Alerter by Toby Riley-Smith KC, Ben Norton & Jack Castle – Heaping Pelion on Ossa: unsuccessful challenge of FOS decision on motor finance commission

Click here to download this Alerter by Toby Riley-Smith KC, Ben Norton & Jack Castle

In R. (Clydesdale Financial Services Ltd) v Financial Ombudsman Service Ltd [2024] EWHC 3237 (Admin) Mr Justice Kerr considered Clydesdale’s application for judicial review of a Financial Ombudsman Service decision in respect of a motor finance commission complaint. The Ombudsman had found in favour of a borrower, Ms Lewis, who purchased a vehicle on finance in circumstances where the lender, Clydesdale, paid a commission to a car dealership, Arnold Clark, acting as credit broker. All three grounds of challenge were dismissed. The decision comes hot on the heels of the Court of Appeal’s judgment in the conjoined appeals of Johnson v FirstRand Bank Ltd (t/a Motonovo Finance) [2024] EWCA Civ 1282, the appeal of which is due to be heard by the Supreme Court on 1-3 April 2025.

BACKGROUND

The underlying facts are of a type well known in the consumer finance world. In November 2018 a Ms Lewis bought an Audi from a car dealership, Arnold Clark, financed by a conditional sale agreement with Clydesdale Financial Services (trading as Barclays Partner Finance).

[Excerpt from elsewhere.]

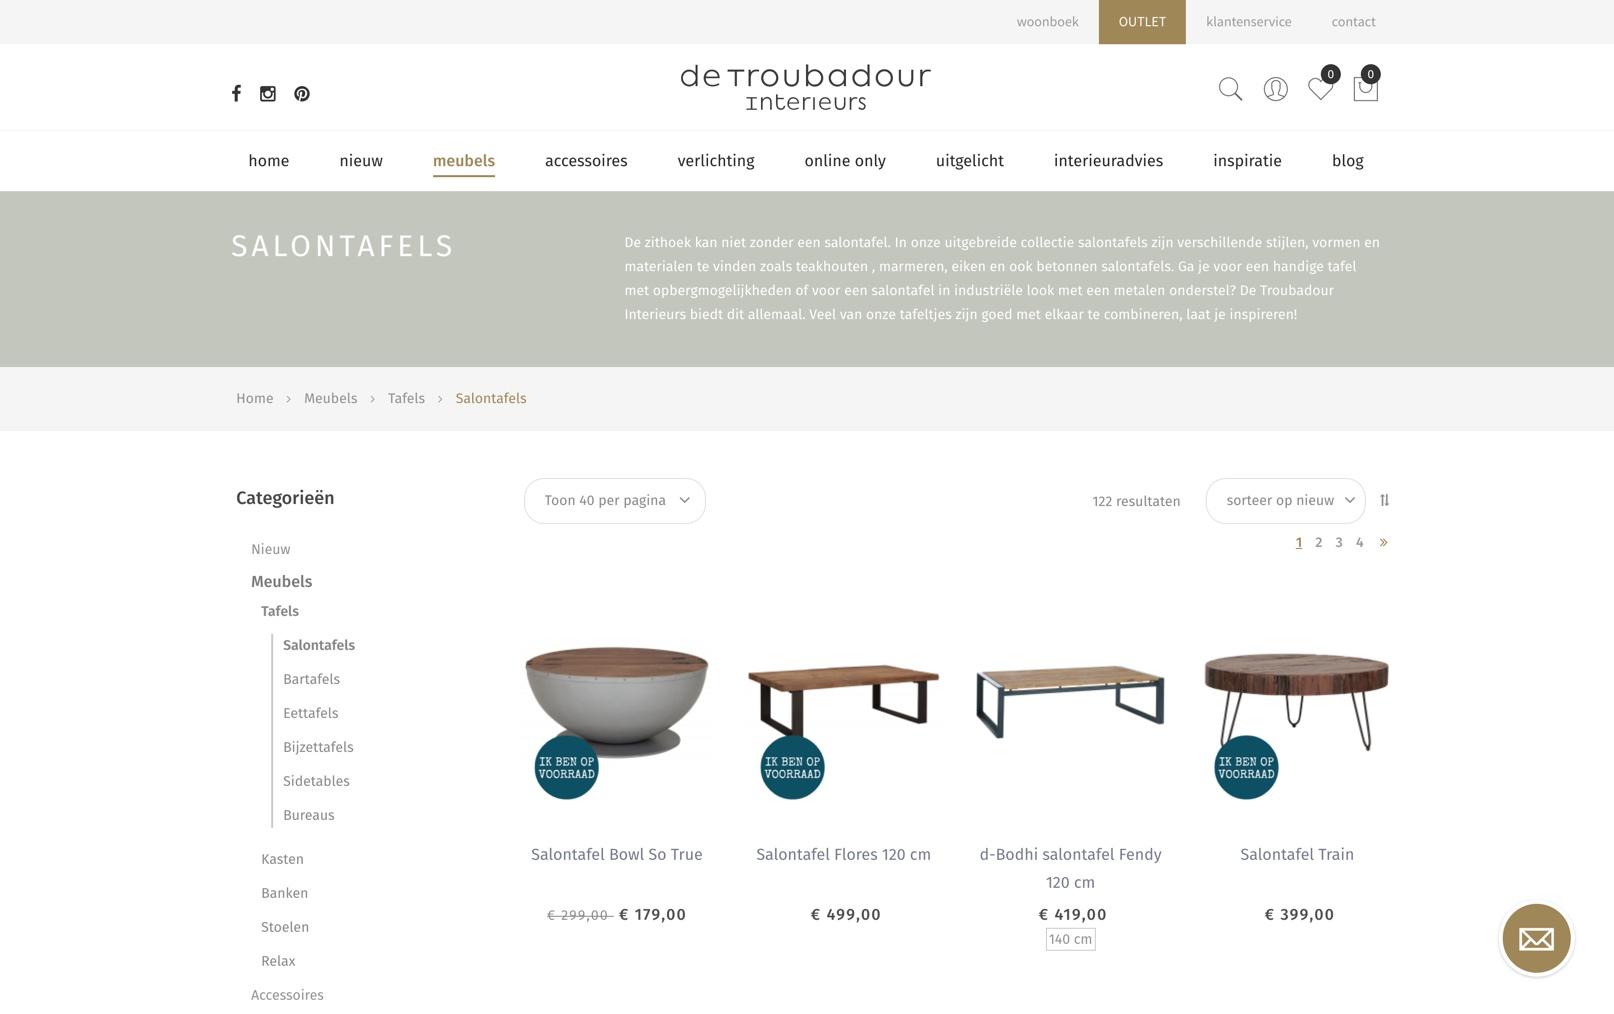 detroubadour-website2

Clydesdale paid Arnold Clark a commission, calculated pursuant to two different models:

  1. A ‘discretionary commission model’ whereby the broker received a higher level of commission where the interest rate offered to the consumer was higher than a set minimum – the higher the interest rate offered, the higher the commission to the broker. The interest rate was at the “discretion” of the broker and could be set from 2.68% to 15.25%. Discretionary commission arrangements were banned in 2021 by an amendment to CONC 4.5.6R.
  2. A fixed percentage of the amount borrowed (2%).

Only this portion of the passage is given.